The Corpus of Mid-20th Century Hong Kong Cantonese (Phase 2)

Welcome to the Corpus

In 2012, with the support of an internal research grant from the Education University of Hong Kong (the then Hong Kong Institute of Education), we developed the first phase of The Corpus of Mid-20th Century Hong Kong Cantonese. The corpus was designed to provide language data for studying the earlier stage of Hong Kong Cantonese.

In 2013, we obtained a research grant under the Early Career Scheme (ECS) from the Research Grants Council to further develop the second phase of our corpus. Altogether 60 movies were transcribed, with about 770,000 character tokens. The movies our project team selected are balanced in terms of genre and speakers (including gender) so that the corpus data can represent the Cantonese language spoken in the mid-20th century.

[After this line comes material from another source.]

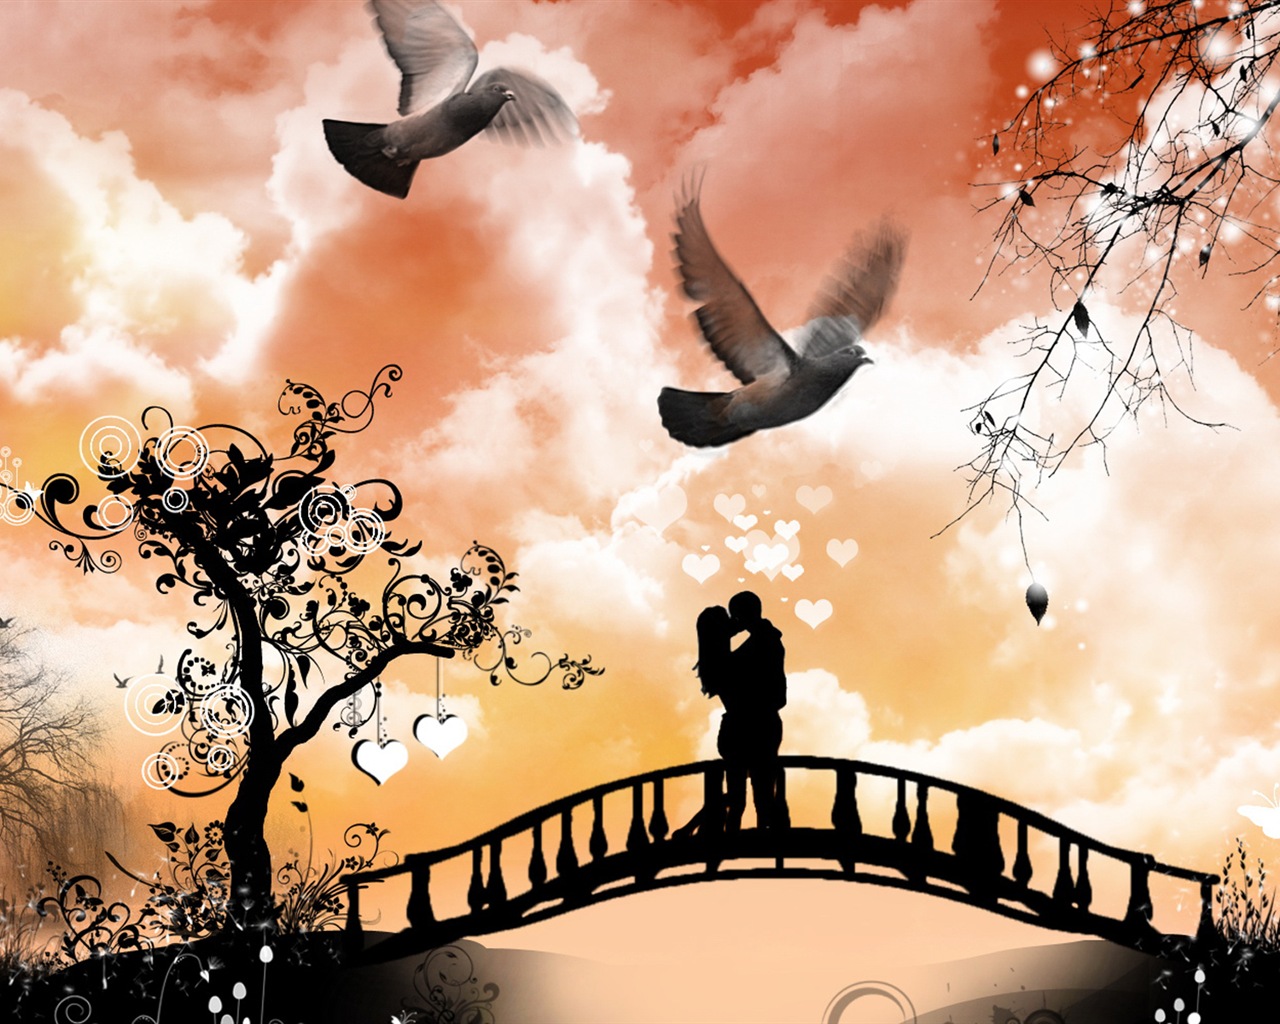 Warm and romantic Valentine's Day HD wallpapers #20 - 1280x1024

The ELAN software from Max Planck Institute was used to transcribe the second phase of the corpus.

Part-of-Speech Tagging

The transcribed utterances in the corpus have been segmented and each word has been assigned a part-of-speech tag.

Jyutping Romanisation

To enhance the searchability and usefulness of the corpus data, Chinese characters have been romanised into Jyutping.

Flexible Search

An advanced search interface has been developed to enable users to search by full-text, or by specific token patterns using a combination of Chinese characters, Jyutping romanisation and POS tag.